Previewing an upcoming exhibition co-organized with The Center for Land-Use Interpretation (CLUI), Nicola Twilley, of Edible Geography, takes us on an abbreviated tour of North America's coldscape, the “vast and immeasurable volume of thermally controlled space” that “is as ubiquitous as it is varied.” Exactly how varied? According to her undoubtedly incomplete list for Cabinet Magazine, these spaces of “distributed artificial winter” include shipping containers, floating fish factories, international seed banks, livestock semen storage, cheese caves, banana-ripening rooms and sushi coffins.
These are spaces in which a perpetual winter has distorted or erased seasonality; spaces that are located within an energy-intensive geography of previously unimaginable distance—both mental and physical—between producers and consumers. Artificial refrigeration has reconfigured the contents of our plates and the shape of our cities—it has even contributed to the overthrow of governments, as anyone familiar with the rise and fall of United Fruit can attest.
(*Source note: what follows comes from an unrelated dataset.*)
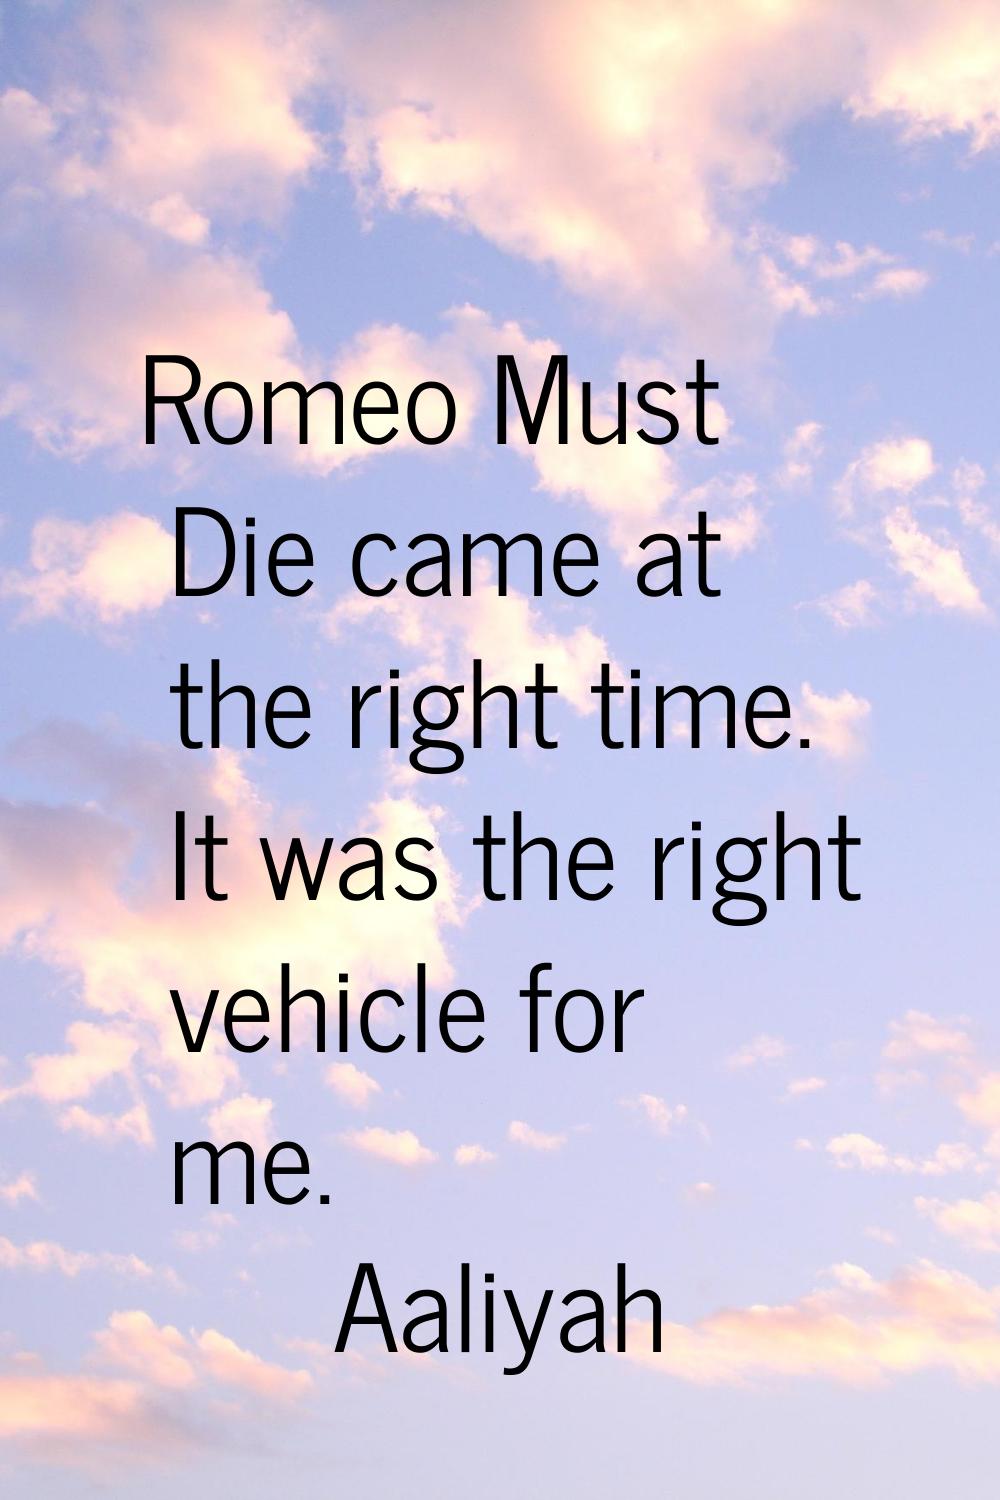 Romeo Must Die came at the right time. It was the right vehicle for me.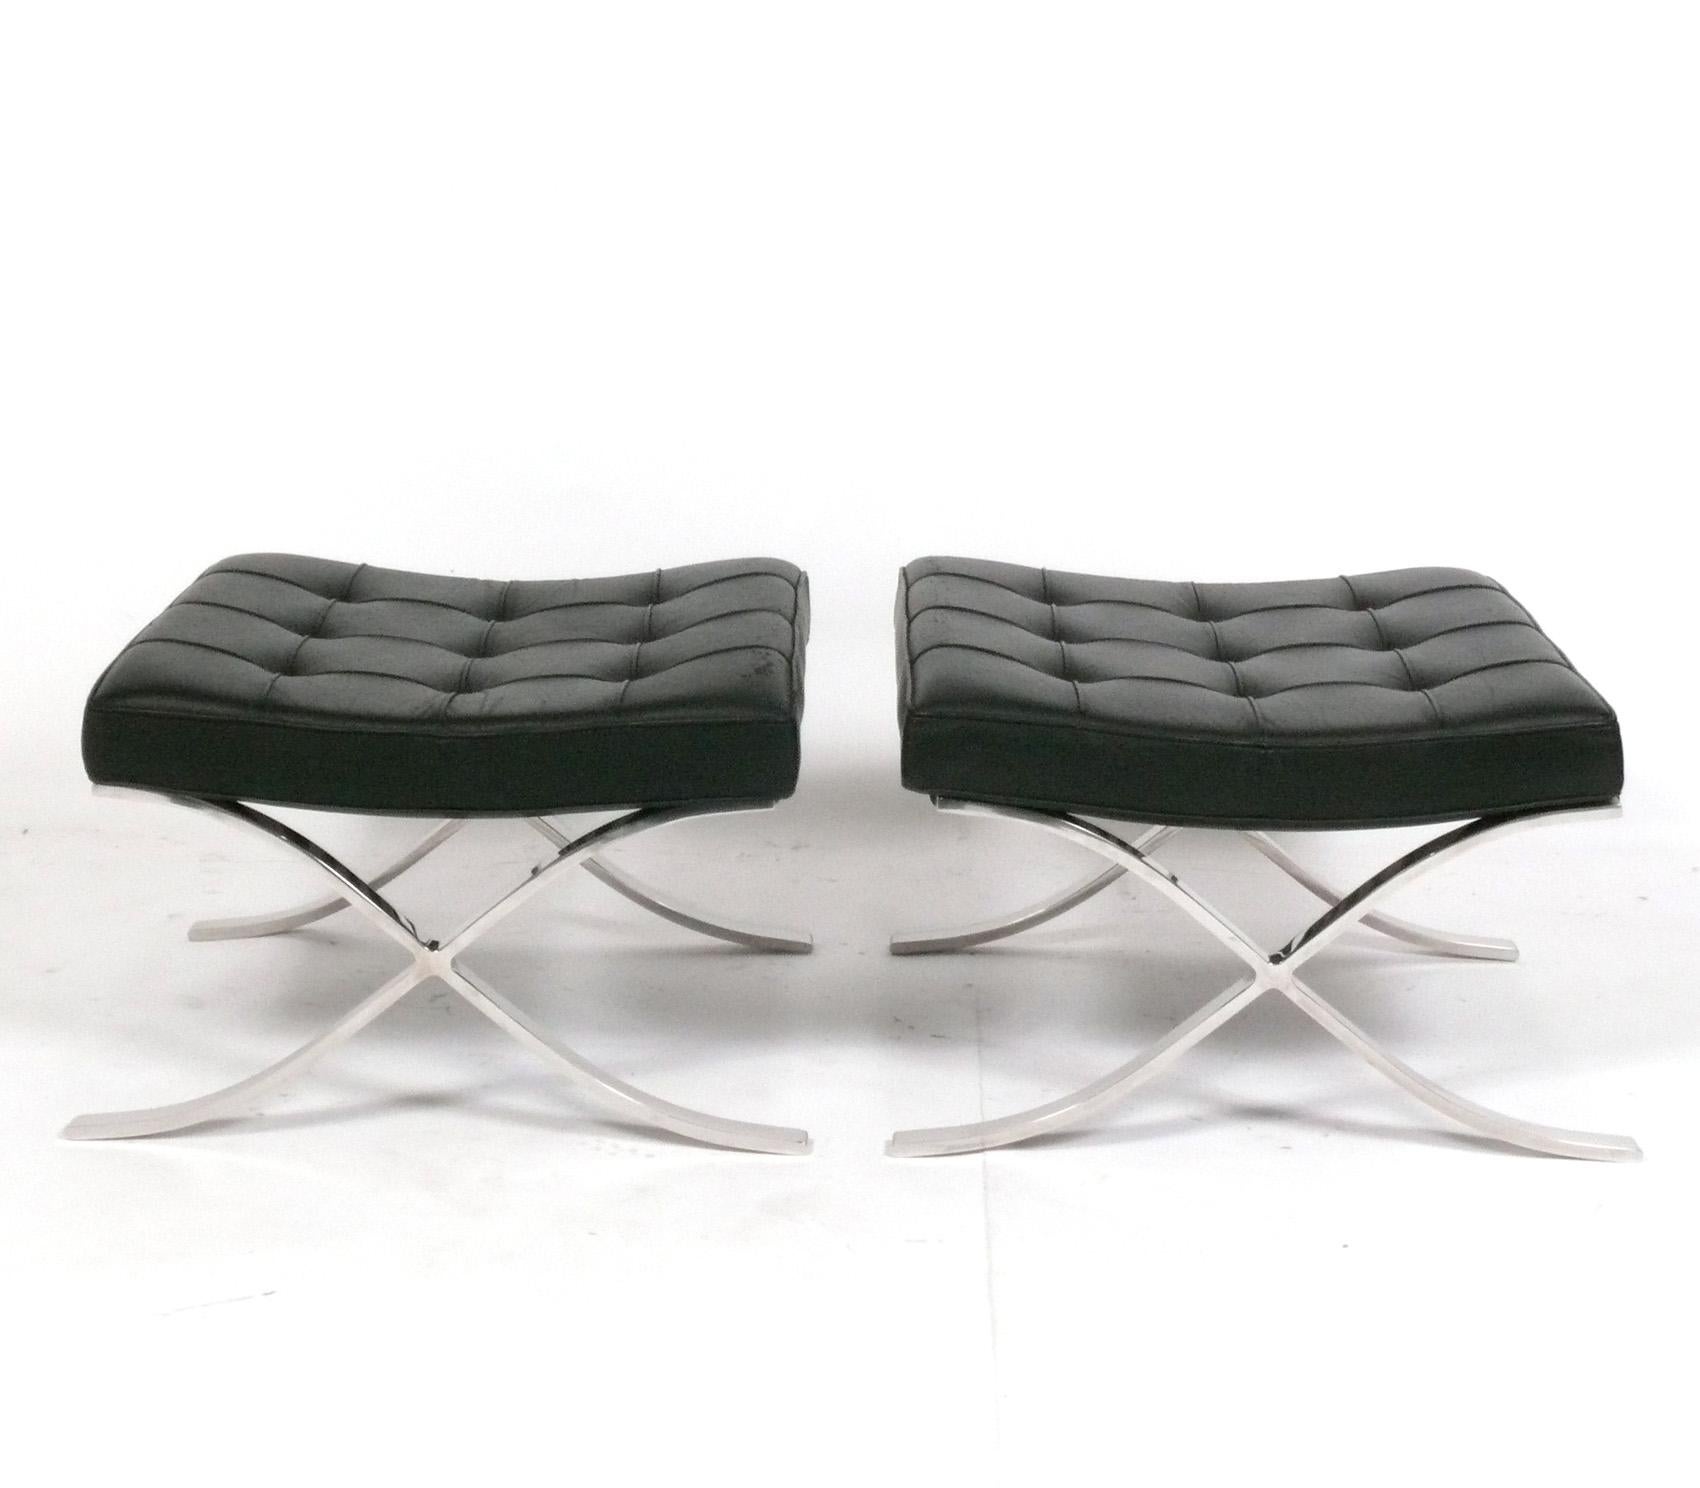 American Mies van der Rohe for Knoll Barcelona Ottomans circa 1979 Pair Available For Sale

Perhaps most bizarrely, although their variations in form reflect the particular requirements of the perishable product they host, coldspaces have, in turn, redesigned food itself, both in terms of the selective breeding that favors cold-tolerance over taste and the more fundamental transition from food as daily nourishment to food as global commodity.
Information about the CLUI exhibition is, I'm hoping, forthcoming.